Electricity and Magnetism

The motor as a dynamo

Practical Activity for 14-16 PRACTICAL PHYISCS

Class practical

This simple experiment shows the reversibility of motor and dynamo effects.

Apparatus and Materials

For each student group

  • Electric motor, small e.g. one constructed by student group in earlier activity
  • Galvanometer, sensitive to e.g. 3.5–0–3.5 mA, 10 ohm resistance (see note below)
  • Crocodile clips, 2
  • Leads, 4 mm, 2
  • Copper wire, insulated with bare ends, 200 cm

Please note: Strictly speaking, we generate e.m.f. but frequently measure the current through the load resistor (i.e. the wire) using a galvanometer (not an ammeter).

Health & Safety and Technical Notes

Choose electric motors which have an axle which can be readily turned by hand. They must also have two contacts where the crocodile clips can be attached.

Read our standard health & safety guidance

See the experiment:

The electric motor


  1. Connect the electric motor to the galvanometer.
  2. Spin the motor; observe the galvanometer.

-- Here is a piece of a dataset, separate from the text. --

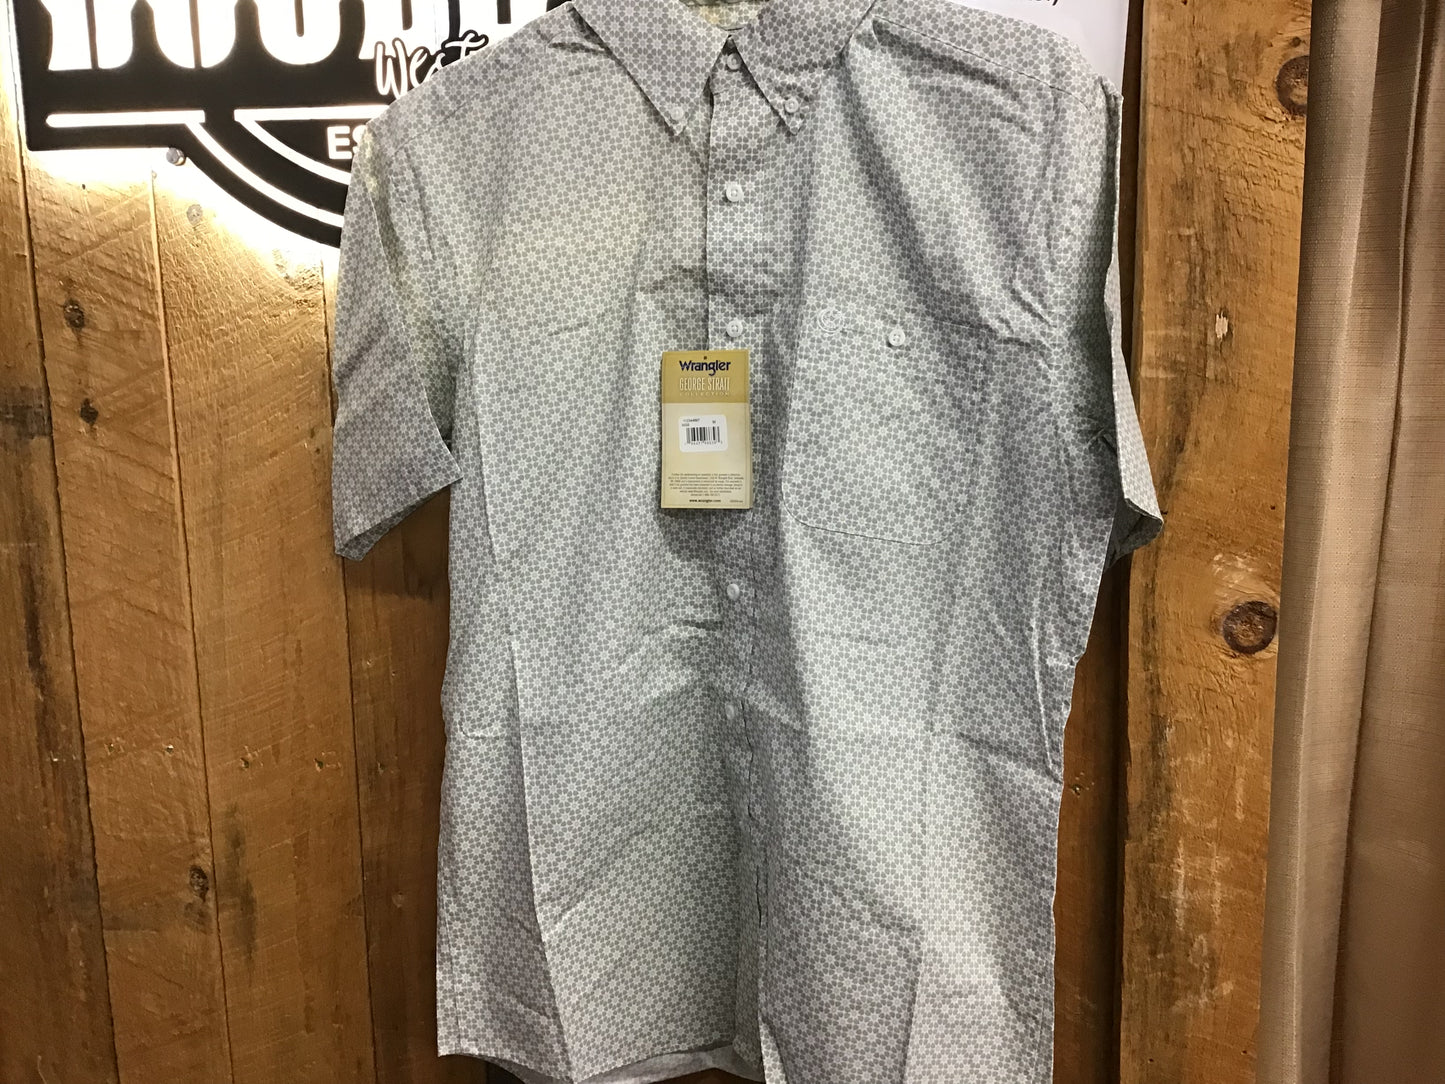 Wrangler® George Strait Collection Short Sleeve Shirt - Gray

You can spin the motor with a finger and thumb on the axle; alternatively, wrap a length of cotton once round the axle and pull from either end, as illustrated.
  3. Investigate the factors which affect the galvanometer reading. What happens if you reverse the direction of spin?
  4. If you are using a model electric motor, you can convert it so that it will generate alternating current (AC) as follows.
  5. Remove the rubber bands and undo the commutator wiring.
  6. Insulate both ends of the aluminium tube by wrapping adhesive tape around them.
  7. Bring out the ends of the leads at opposite ends of the armature.
  8. Bare the leads for two or three centimetres, and wind the bare ends tightly around the aluminium tube.
  9. Make a brush at each end and connect up to the meter.
  10. Investigate the factors which affect the galvanometer reading. What happens if you reverse the direction of spin now?

Teaching Notes

  • Turning a motor by hand makes the motor into a dynamo. The potential difference can be measured on a sensitive galvanometer. Frequently it is enough just to use a sensitive ammeter, as long as confusion does not arise. The dynamo effect produces an e.m.f. (a potential difference}, and not a current.
  • Students should note that turning the dynamo faster produces a greater deflection of the meter. Reversing the spin of the dynamo generates a deflection in the opposite direction.
  • The wave form of this DC dynamo can be observed on a C.R.O. It will not be a flat graph but rather follow the changes in magnitude of the e.m.f. throughout the cycle. However, it will be uni-directional. If either brush fails to make a connection as it rotates, there will be a considerable AC potential difference between the input terminals of the C.R.O. This will cause a misleading trace of AC mains on the tube. Connecting a 10 kΩ resistor across the input terminals of the C.R.O. will prevent this.
  • If you use a home-made model electric motor which has run for an appreciable time, the brushes and commutator will be dirty and have a high resistance. Strip down and scrape the brushes and commutator with emery-paper to clean them. Avoid finger grease. Taking these precautions may increase the galvanometer deflection several times.
  • AC version: As an alternative to the slip rings, it is possible to make a temporary dynamo that will work for a few turns. Bring out a pair of leads of thin wire from the coil, and let the leads twist up as the coil is turned.
  • The AC wave form produced by the dynamo is best seen by connecting the dynamo to a C.R.O. The trace should resemble the traditional sine wave.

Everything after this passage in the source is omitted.